Чувствую себя еще хуже, чем когда мистер Вольтман заставил меня прочесть передаваемую Изи записку перед всей аудиторией. Все из-за витающего за столом напряжения. Пейшенс следит буквально за каждым моим вдохом и считает выдохи, пытаясь убедиться в моей нормальности. Ламия потупляет взгляд в столешницу, лихорадочно барабаня по ней пальцами. А Ноиз неловко мнется на месте, будто ему и вовсе не по себе сидеть рядом. Даже Личи… Хотя он старается поддерживать невозмутимый вид, но нервный тик правой руки с лихвой выдает его попытки. Лишь Уилл и Мирилин ведут себя, словно ничего страшного и не произошло.

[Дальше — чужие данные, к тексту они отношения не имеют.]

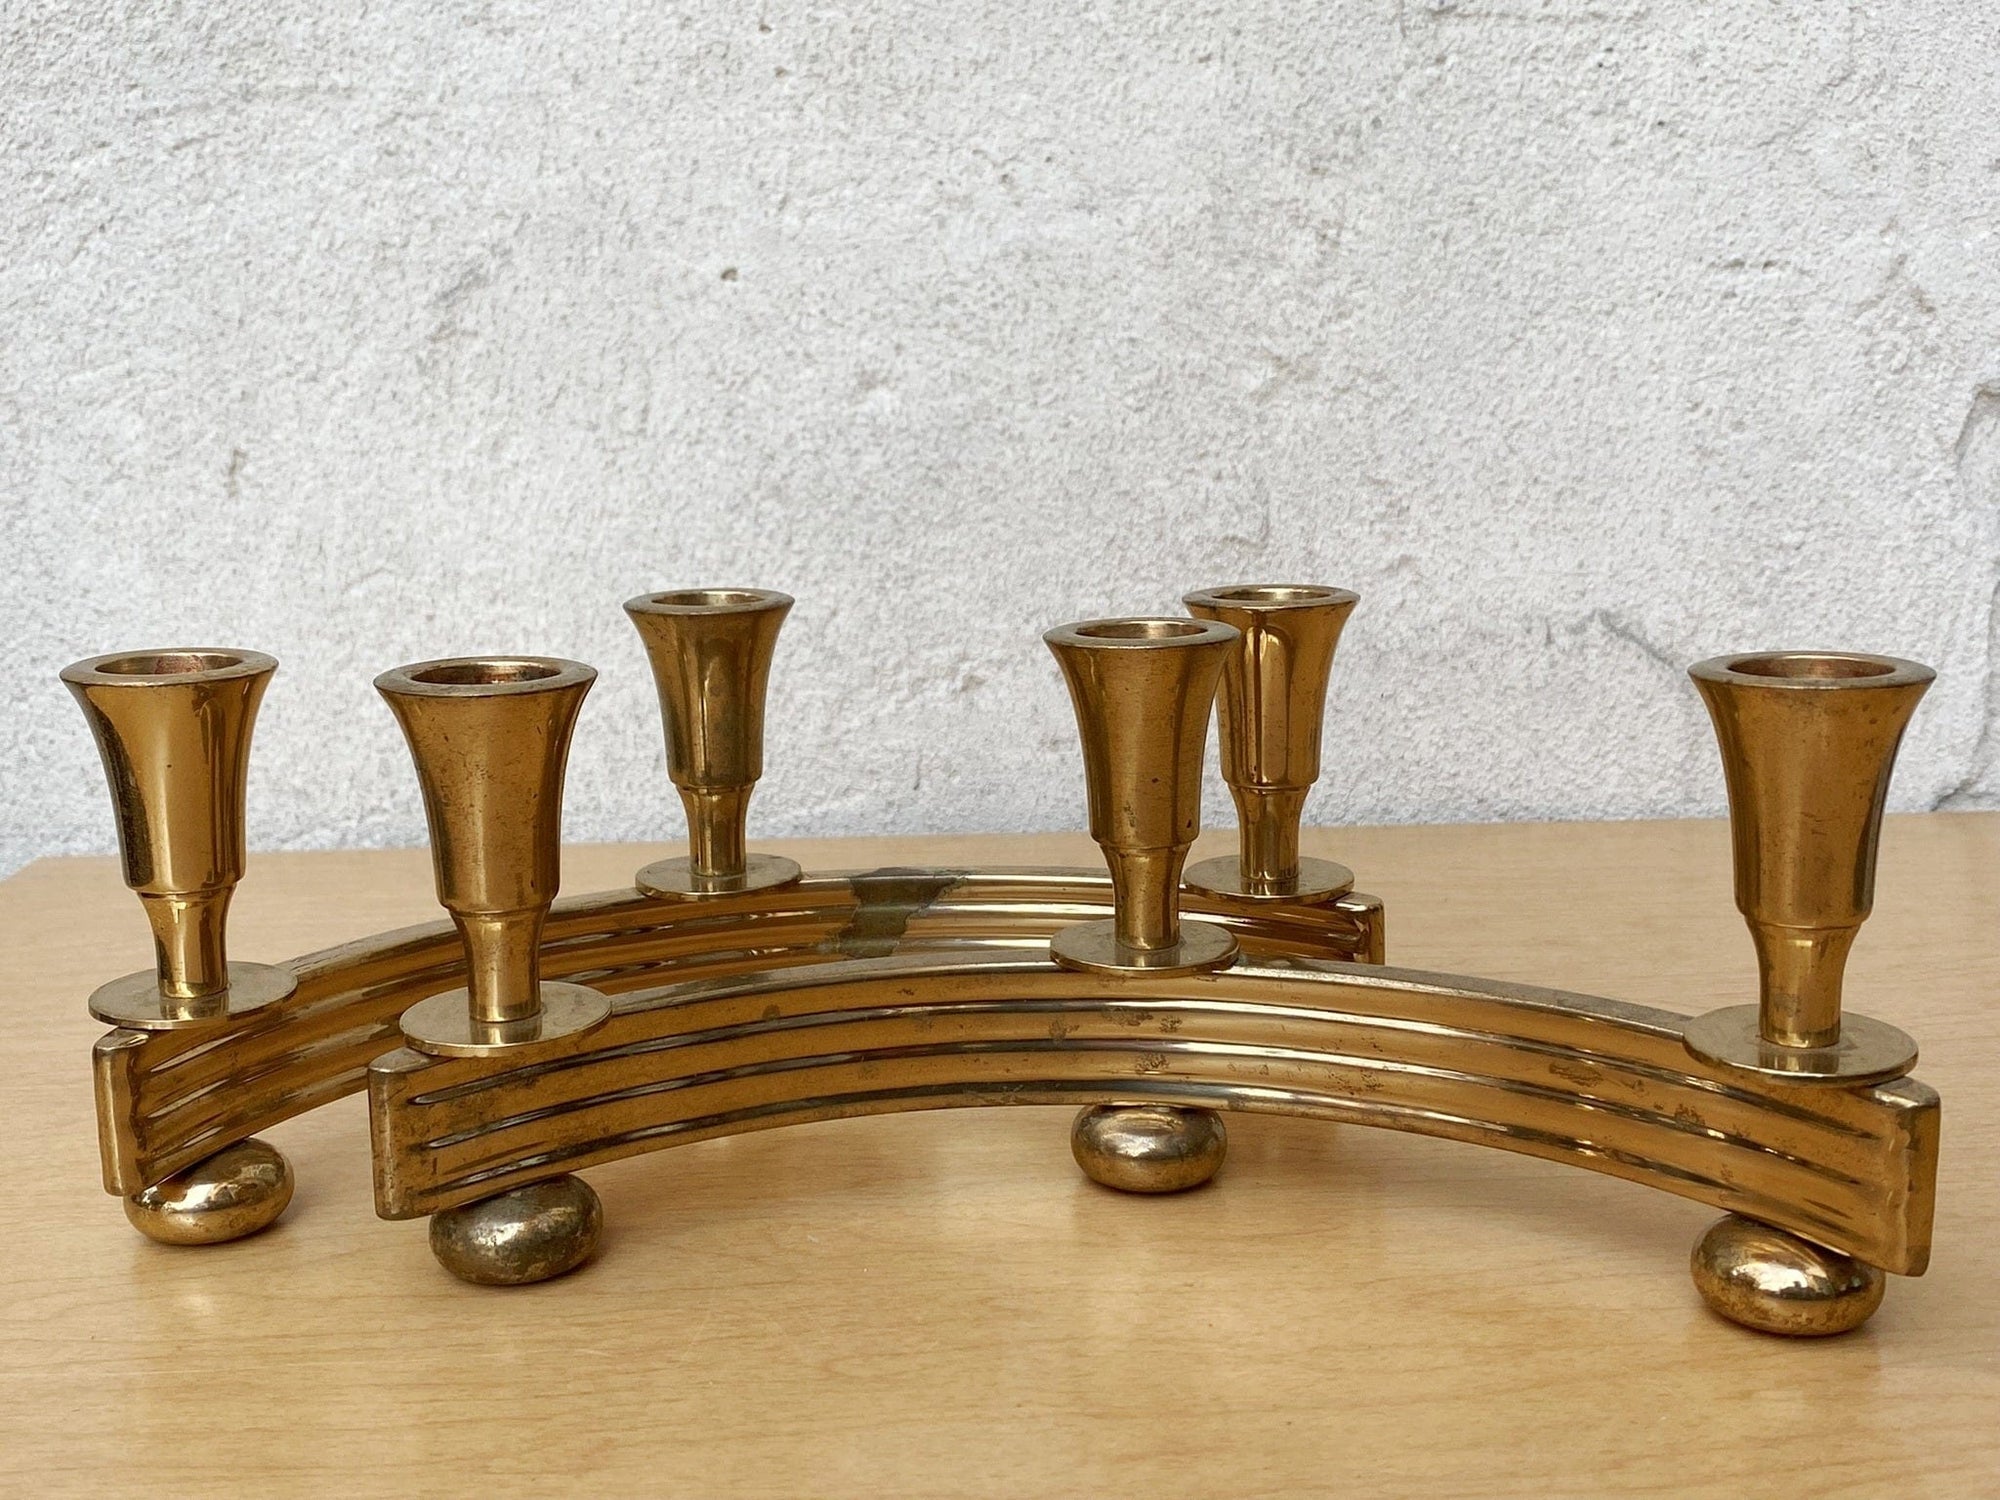 I Like Mike's Mid Century Modern candle holders Pair Brass Deco Candlelabra Candle Stick Holders by Dirilyte #2

– Как спалось? – заполняет неловкую паузу Уильям.
– Куда лучше, чем в морге, – выпаливаю я и тут же жалею о своем непослушном языке. Ламия поперхнулась соком от неожиданности и Мирилин тут же поспешила сгладить неровные края разговора.
– Выглядишь и правда неплохо. Но макияж бы тебе все же не помешал. Уж больно ты бледная.
Сдержанно улыбаюсь, но поддерживать ее энтузиазм не хочу. Я не намерена тратить первые дни своей новой жизни на прихорашивание и примерку платьев. В конце концов, мне и в джинсах неплохо.
Пока я пытаюсь отыскать темы для беседы, лакей наливает мне стакан пальмового сока, а после приносит поднос с румяной перепелкой и гарниром из топинамбура. Ни то, ни другое я никогда не пробовала, тем более в первой половине дня. Кто вообще ест мясо на завтрак? А где же хлопья, сладкие подушечки, мюсли? Где яичница с беконом и панкейки с кленовым сиропом? Очевидно, у касты сангвинаров свои взгляды на утреннее питание.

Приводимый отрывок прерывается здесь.